* _Task goal_
What needs reproducing is the run of lines in the data below starting at the line with "Femme touchant la" and ending at the line with "Ружичка Олдрих - Тело", both ends included. Copy it exactly, without pictures, and add nothing.

* _Source material_
== == ==
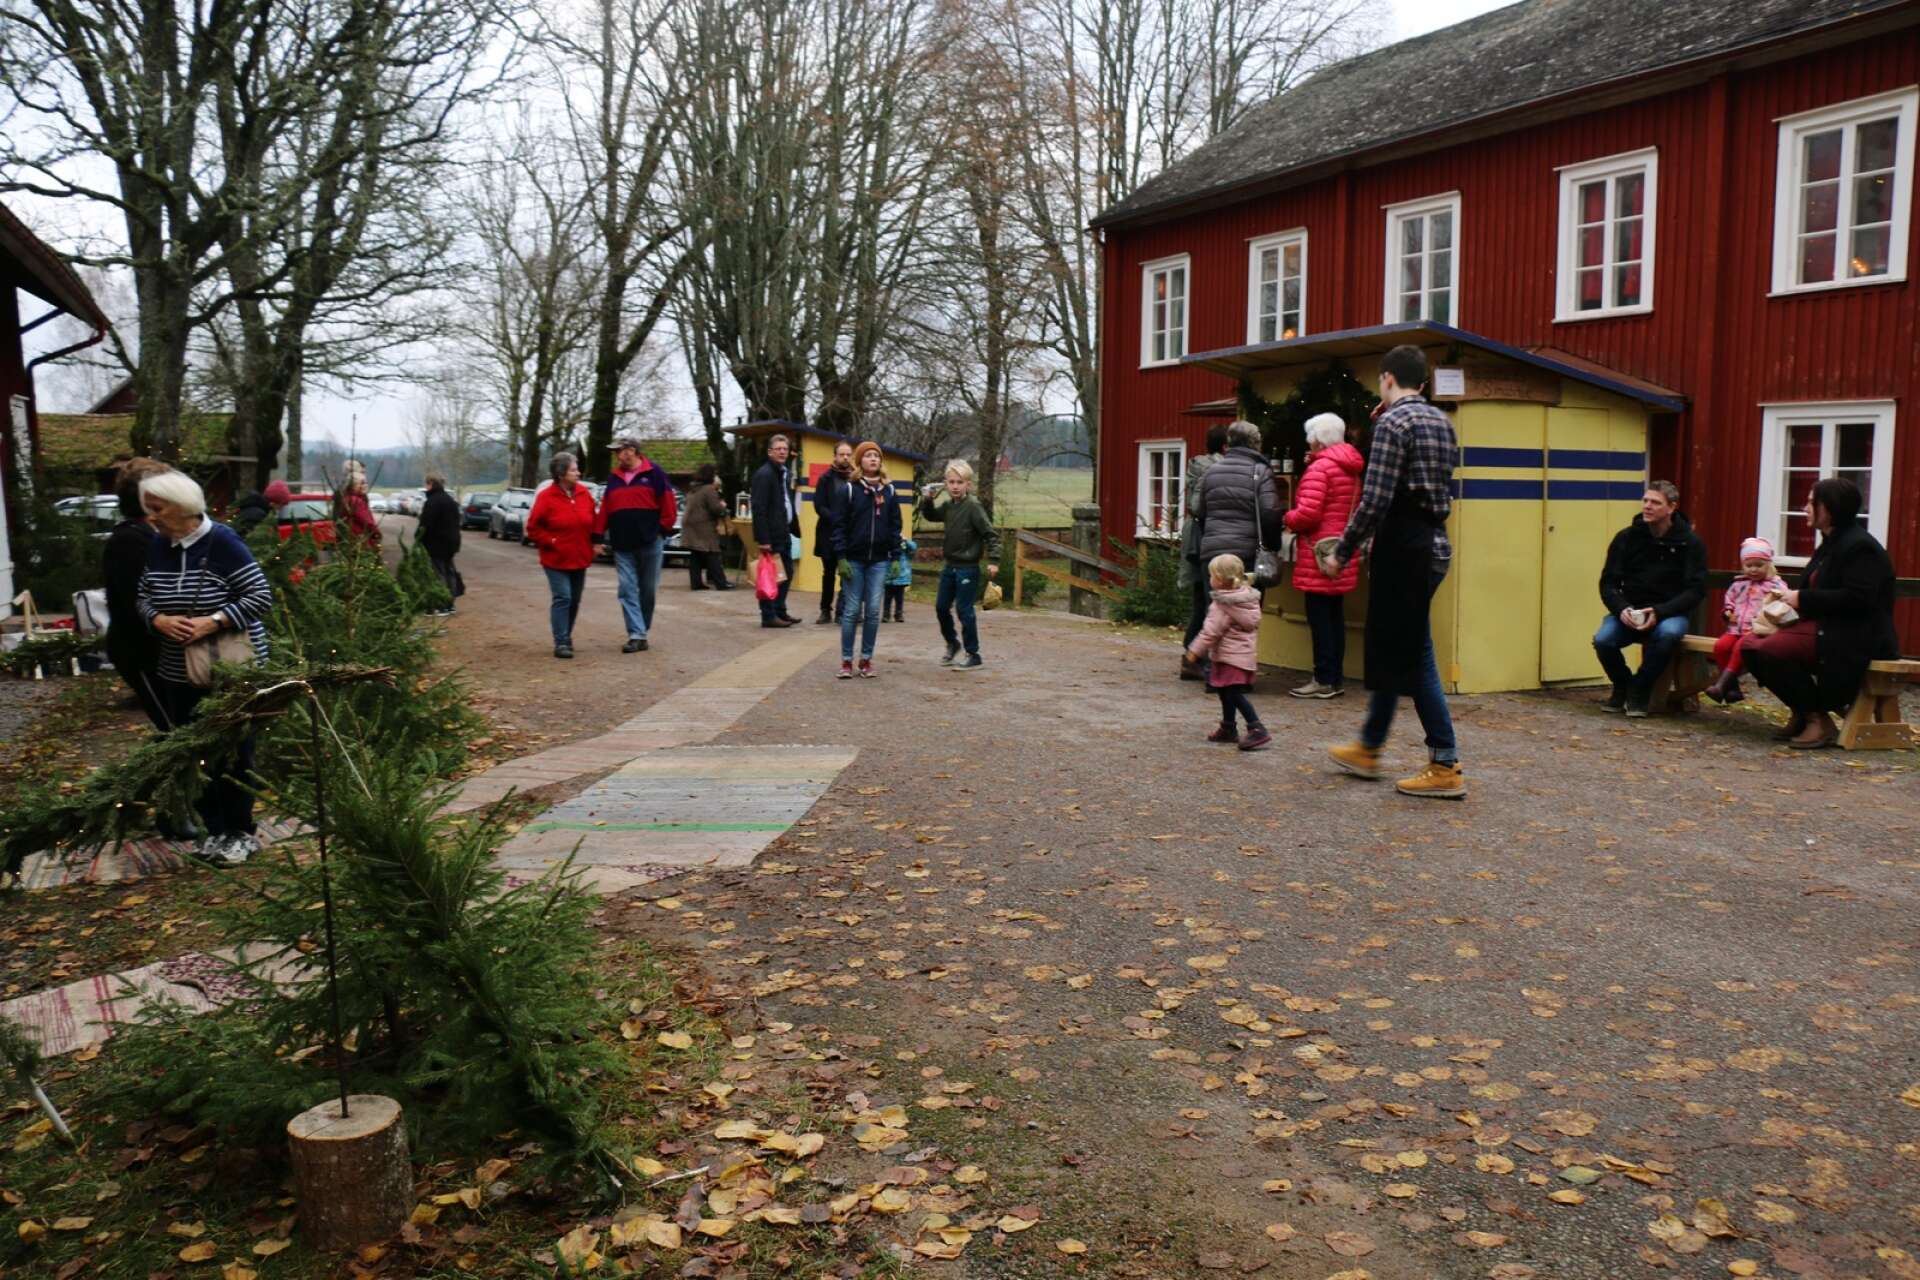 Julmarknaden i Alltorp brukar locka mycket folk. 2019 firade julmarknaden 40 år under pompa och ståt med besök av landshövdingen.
== == ==
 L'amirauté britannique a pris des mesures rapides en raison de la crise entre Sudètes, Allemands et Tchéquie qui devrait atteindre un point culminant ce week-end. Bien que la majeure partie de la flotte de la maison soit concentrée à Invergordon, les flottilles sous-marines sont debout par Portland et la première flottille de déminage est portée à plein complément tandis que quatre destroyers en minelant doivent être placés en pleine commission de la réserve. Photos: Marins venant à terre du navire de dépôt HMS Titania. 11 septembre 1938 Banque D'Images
== == ==
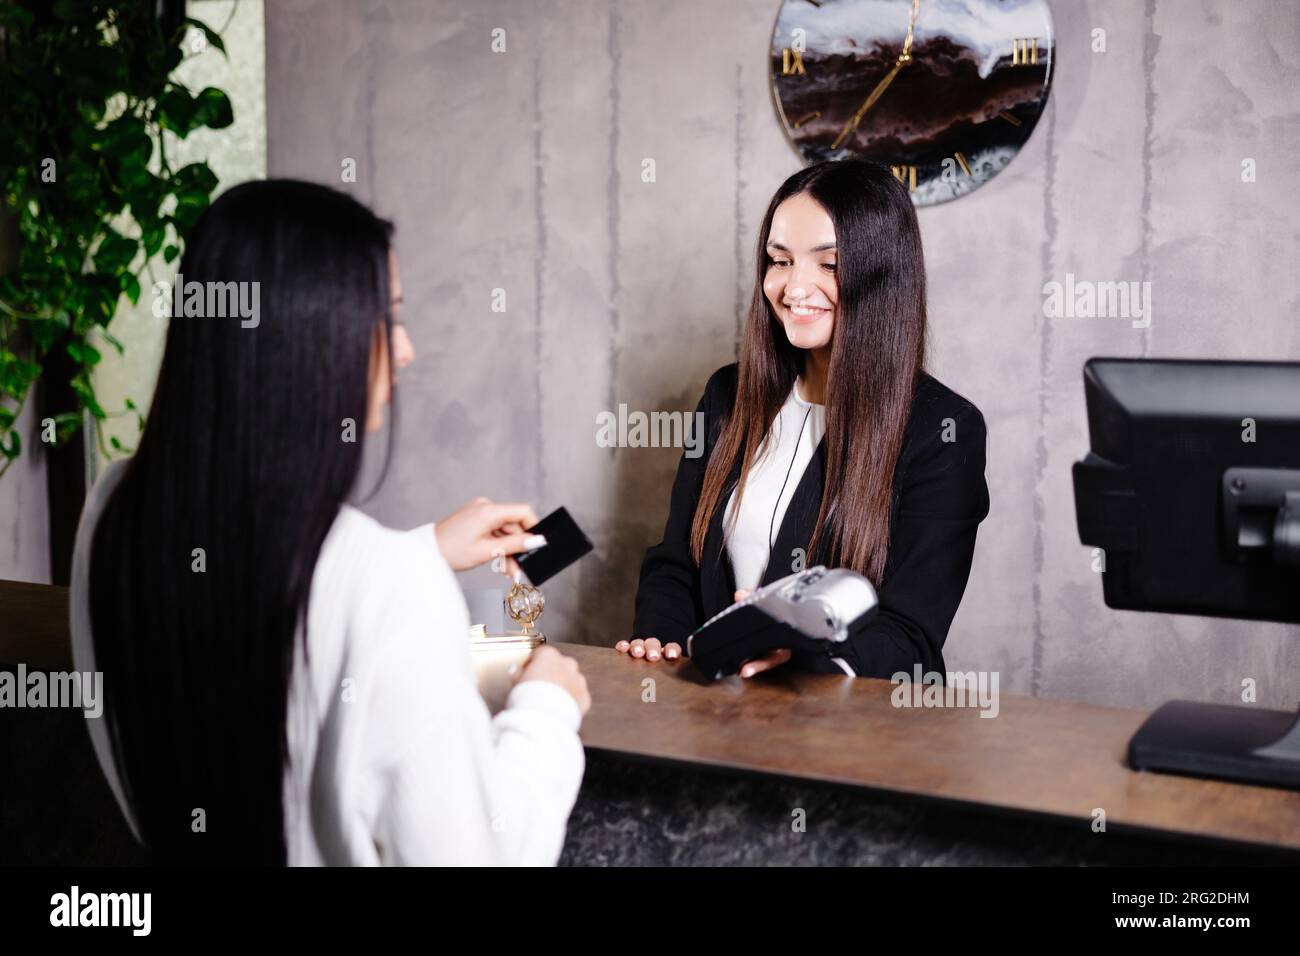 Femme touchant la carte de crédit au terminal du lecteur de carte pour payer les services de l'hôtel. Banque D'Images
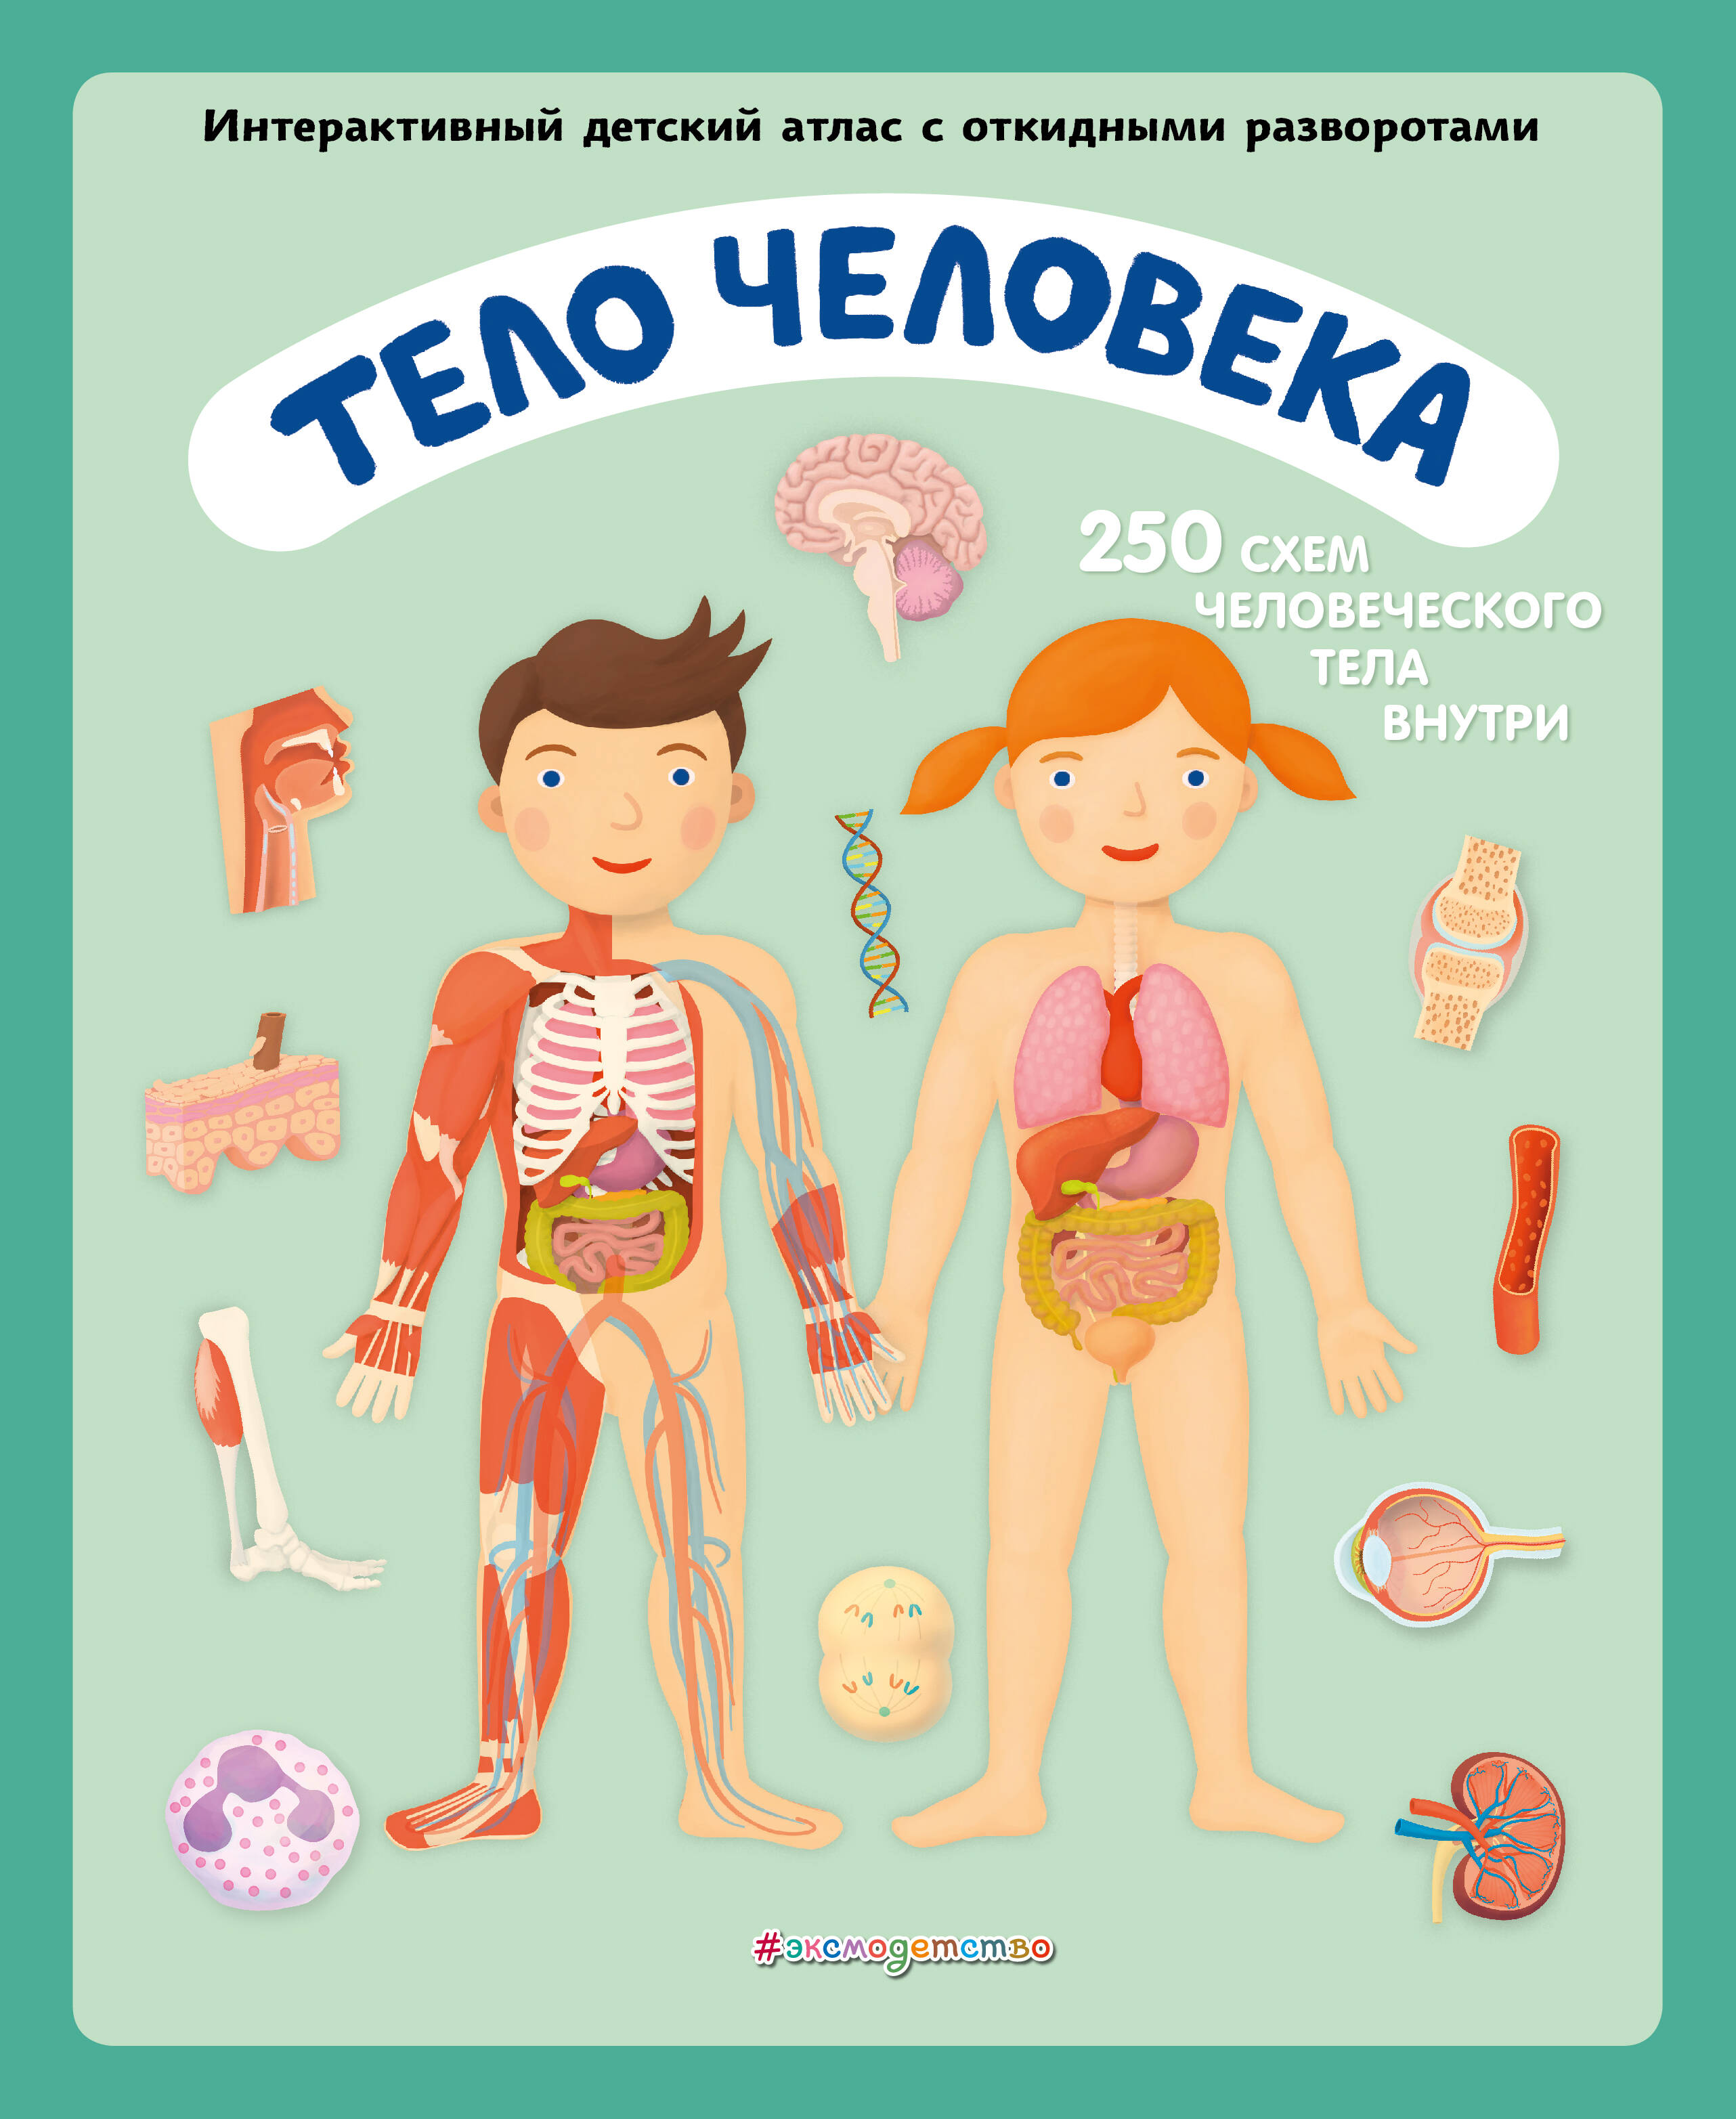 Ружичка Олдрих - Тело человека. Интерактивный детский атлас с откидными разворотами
== == ==
* _Response to this exercise_
 Femme touchant la carte de crédit au terminal du lecteur de carte pour payer les services de l'hôtel. Banque D'Images
 Ружичка Олдрих - Тело человека. Интерактивный детский атлас с откидными разворотами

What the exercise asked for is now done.